Labor standards - refers to that part of labor law which prescribes the minimum terms and
conditions of employment which the employer is required to grant to its employees. Examples:
Books One to Four of the Labor Code as well as Book VI thereof which deal with working
conditions, wages, hours of work, holiday pay and other benefits, conditions of employment of
women, minors, househelpers and homeworkers, medical and dental services, occupational health
and safety, termination of employment and retirement.
Kinds of Employees
Under Article 294 of the Labor Code, there are four kinds of employment arrangement. These
are:
Regular employees by nature of work, that is, those who are engaged to perform activities
which are usually necessary or desirable in the usual business or trade of the employer.
Regular employees by years of service, that is, those who have rendered at least one year of
service, whether continuous or broken, with respect to the activity in which they are employed.
The primary standard to determine regular employment is the reasonable connection between
the particular activity performed by the employee in relation to the usual business or trade of
the employer. The test is whether the activity of the employee is usually necessary or desirable
in the usual business or trade of the employer.
2. Project employment. A project employee is one whose employment has been fixed for a
specific project or undertaking, the completion or termination of which has been determined at
the time the employee is engaged It is not sufficient that an
employee is hired for a specific project or phase of work. There must also be a determination
of, or a clear agreement on, the completion or termination of the project at the time the
employee is engaged.
The services of project employees are coterminous with the project. They can be terminated
upon the end or completion of that project, or a phase of the project, for which they were hired.
The employer has no obligation to pay them separation pay.
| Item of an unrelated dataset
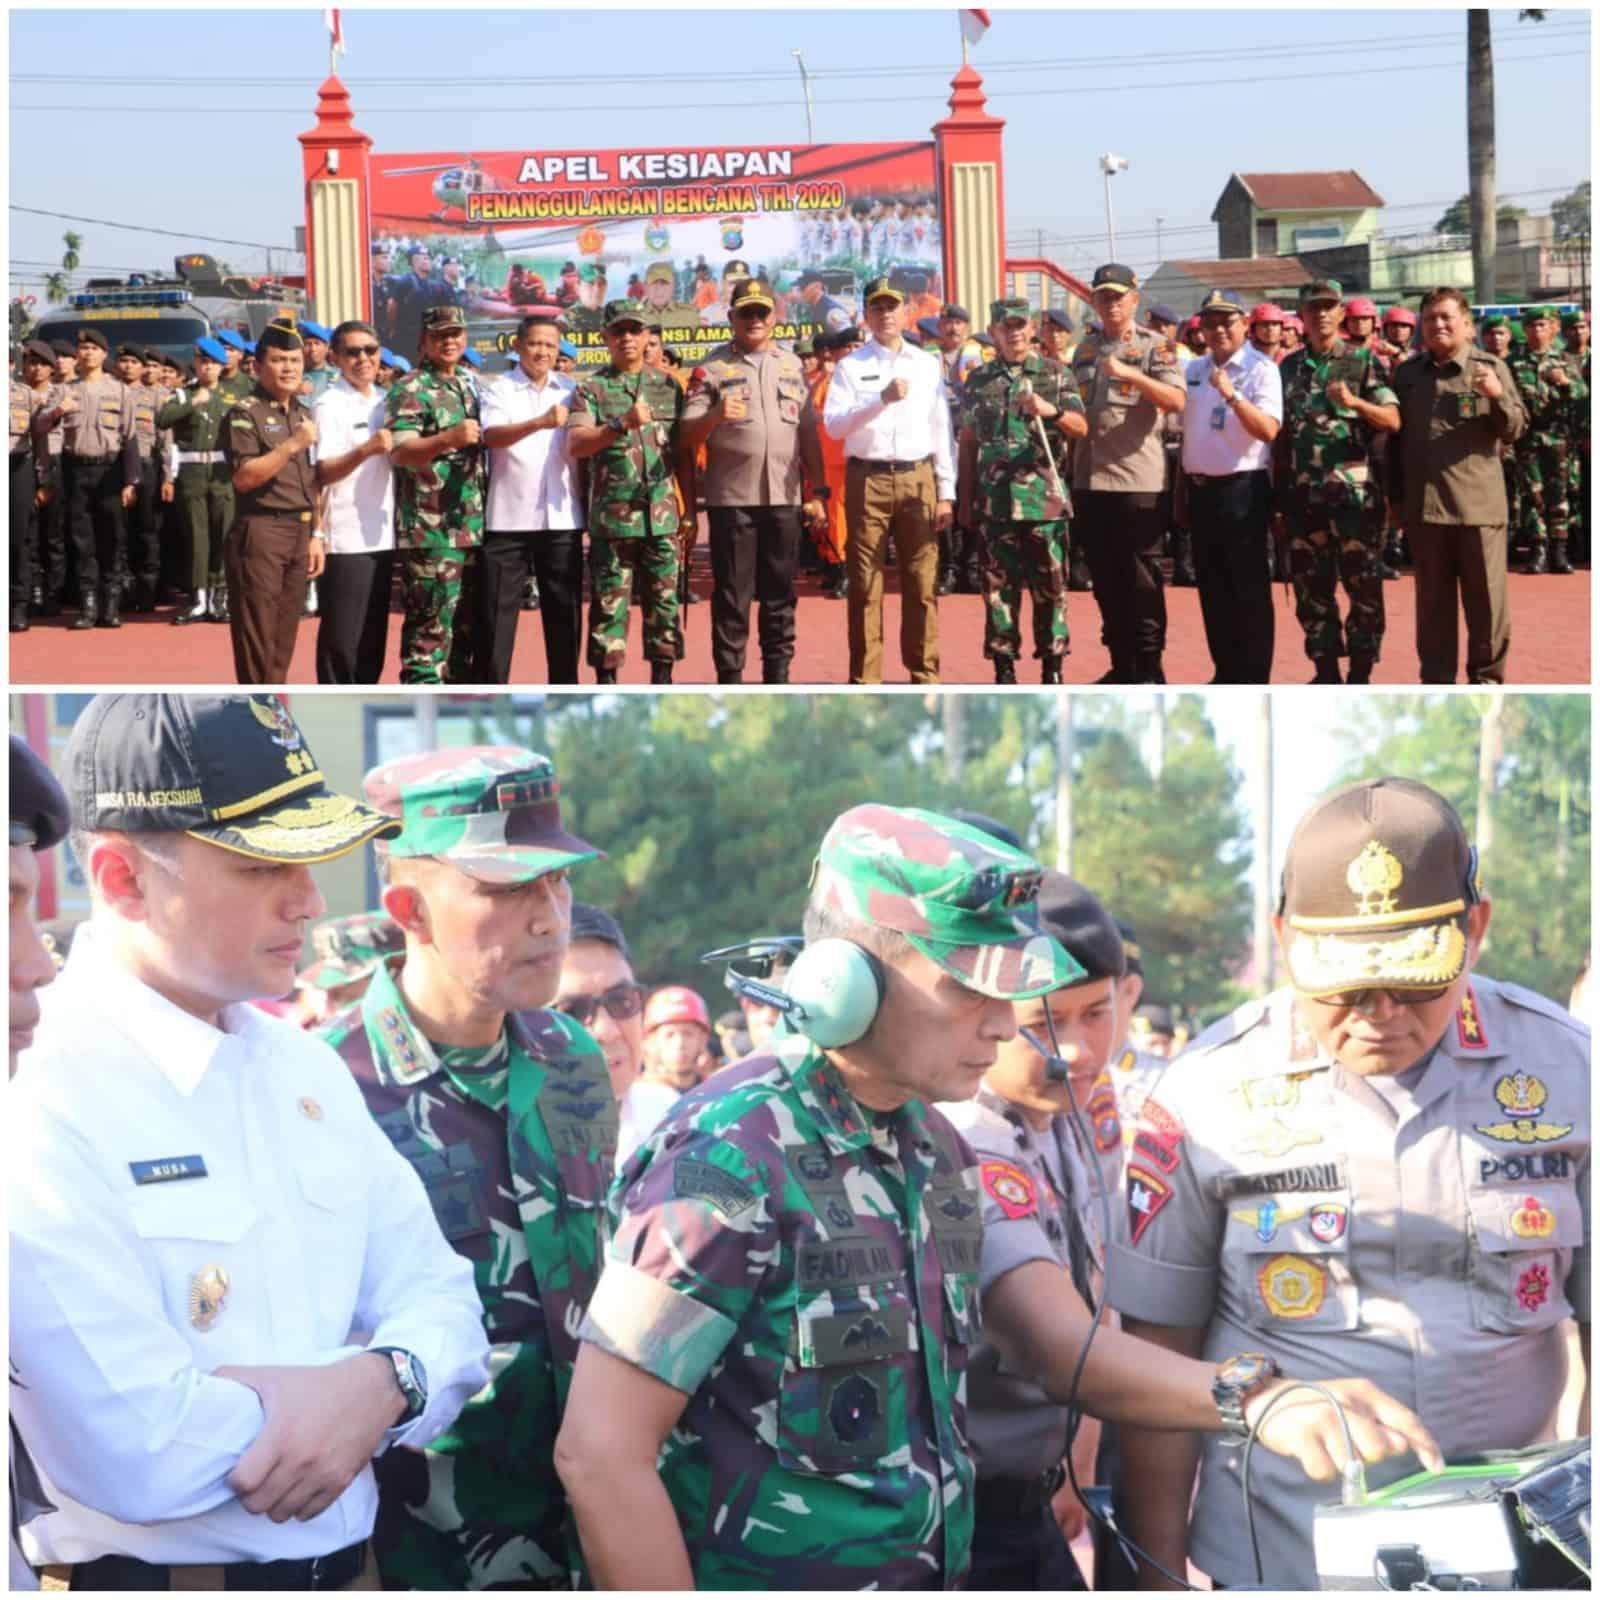 Danlanud Soewondo, Kolonel Pnb Meka Yudanto, Hadiri Apel Kesiapan Penanggulangan Bencana Tahun 2020 di Mapolda Sumut

3. Seasonal employment. Seasonal workers perform work that is seasonal in nature and are
employed only for the duration of one season
Seasonal workers who are rehired every working season are considered to be regular
employees. The nature of their relationship with the employer is such that during off season
they are temporarily laid off, but when their services are needed, they are re-employed. They
are not, strictly speaking, separated from the service but are merely considered as on a leave
of absence without pay until they are re-employed. Their employment relationship is never
severed but only suspended. As a result, these employees are considered to be in the regular
employment of the employer.
However, it is not sufficient that the work performed is seasonal in nature. There must also be
evidence that the employee worked only for the duration of the season. For example, in a
previous
case, the fact that the employees repeatedly worked as sugarcane workers for the employer for
several years established the regular employment.
However, if a casual employee has worked for at least one year (whether continuously or not)
he becomes a regular employee but only with respect to the activity in which he is employed,
and his employment will continue while that activity exists. Even though a casual employee, he
is entitled to all the rights and privileges, and is subject to the same duties and obligations, as
is granted by law to regular employees during the period of his actual employment.
For this employment arrangement to be considered compliant with the employees’ right to
security of tenure, it must:
Be voluntarily and knowingly agreed upon by the parties, without any force, duress, or improper
pressure being brought to bear upon the employee, absent any vices of consent.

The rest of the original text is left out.